Research from O’Donnell’s lab has provided an overview of how the replication machine, or ‘replisome,’ functions in Escherichia coli, yeast, and humans. His recent work centers around humans and budding yeast, and understanding the dynamic behavior of the eukaryotic replisome components. His lab studies how the replisome performs nucleosome inheritance, the process by which nucleosomes (the fundamental structural unit of chromosomal DNA) are passed down from parental to daughter DNA during replication. The lab’s findings also provide insights into how replisomes achieve the asymmetric inheritance needed for development, and how they participate in DNA damage checkpoint control pathways. The team employs strategies such as super resolution microscopy to observe individual replisomes in real time during DNA replication in living cells, and cryo-electron microscopy of DNA-replisome and other replisome-associated complexes.

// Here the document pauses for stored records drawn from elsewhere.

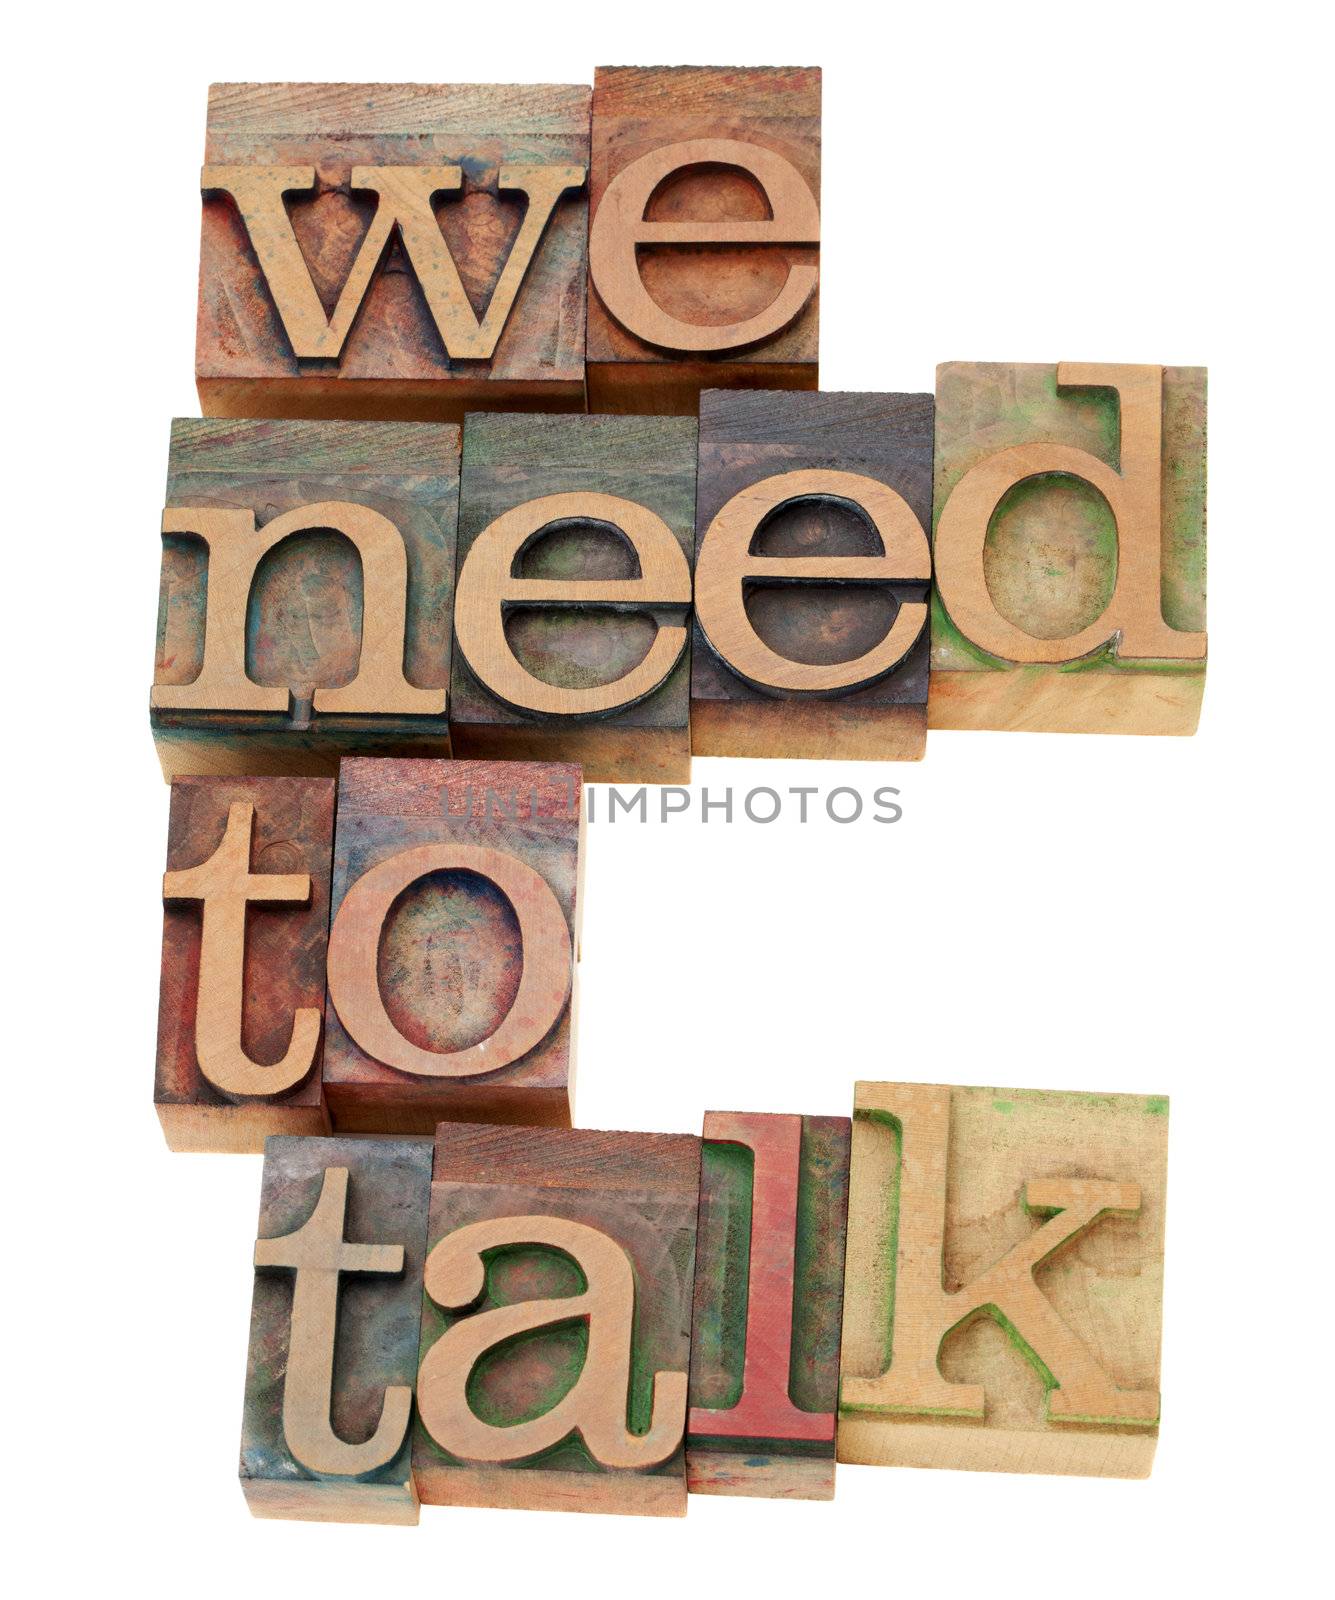 we need to talk request - isolated text in vintage wood letterpress printing blocks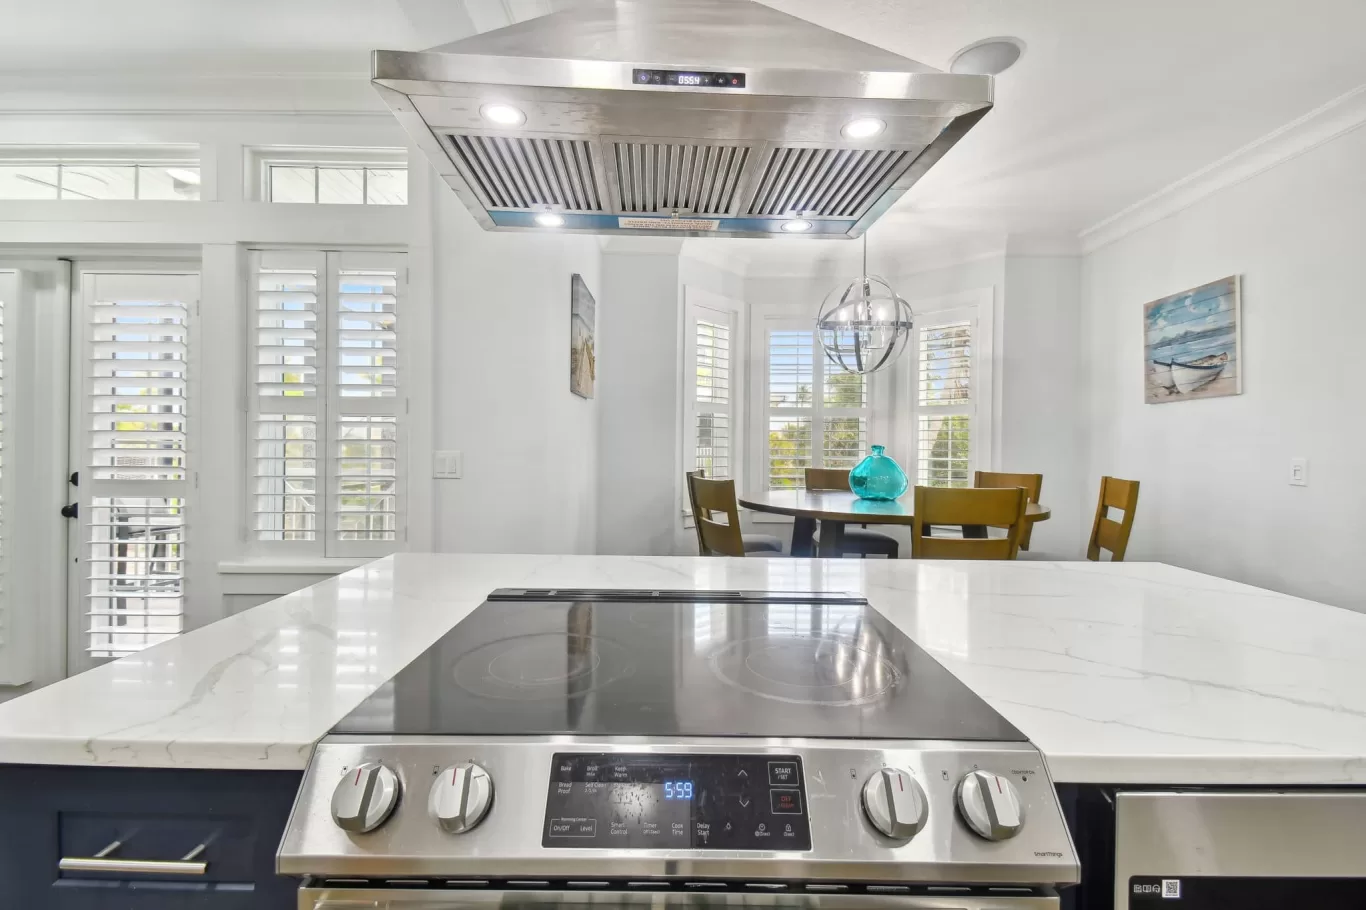 LouverWood shutters in a large, open kitchen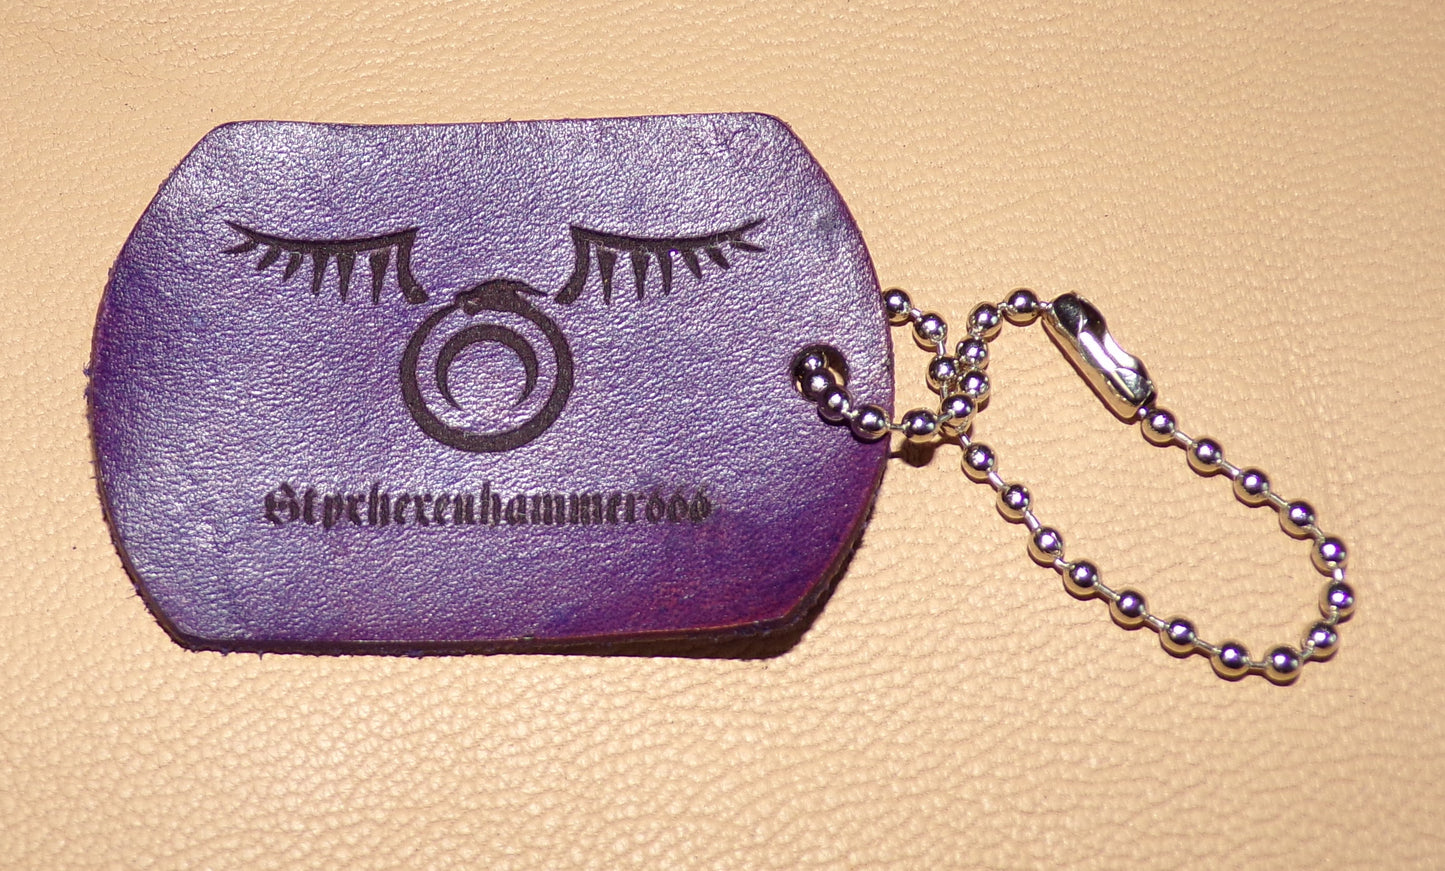 Styx Dog Tag Keychain Purple Leather Large w/Ouroboros with wings

O’Donnell’s lab recently succeeded in determining the architecture of the eukaryotic replisome, a feat not yet accomplished in a prokaryotic system. Eukaryotic replisomes must deal with histones, which organize the DNA in eukaryotic cells. The histones also regulate how the genome is expressed in different tissues of an organism, a process referred to as epigenetic inheritance. Cellular studies show the replisome is intimately involved with the inheritance of epigenetic information and cell fate, and the O’Donnell lab is working to understand the mechanistic details of these processes.

The lab is applying biochemical approaches along with techniques such as single-molecule technology, super resolution microscopy and cryo-EM single-particle reconstruction to understand how the replisome functions with other factors. These studies can be expected to provide new insights into eukaryotic replication, repair, and epigenetic inheritance.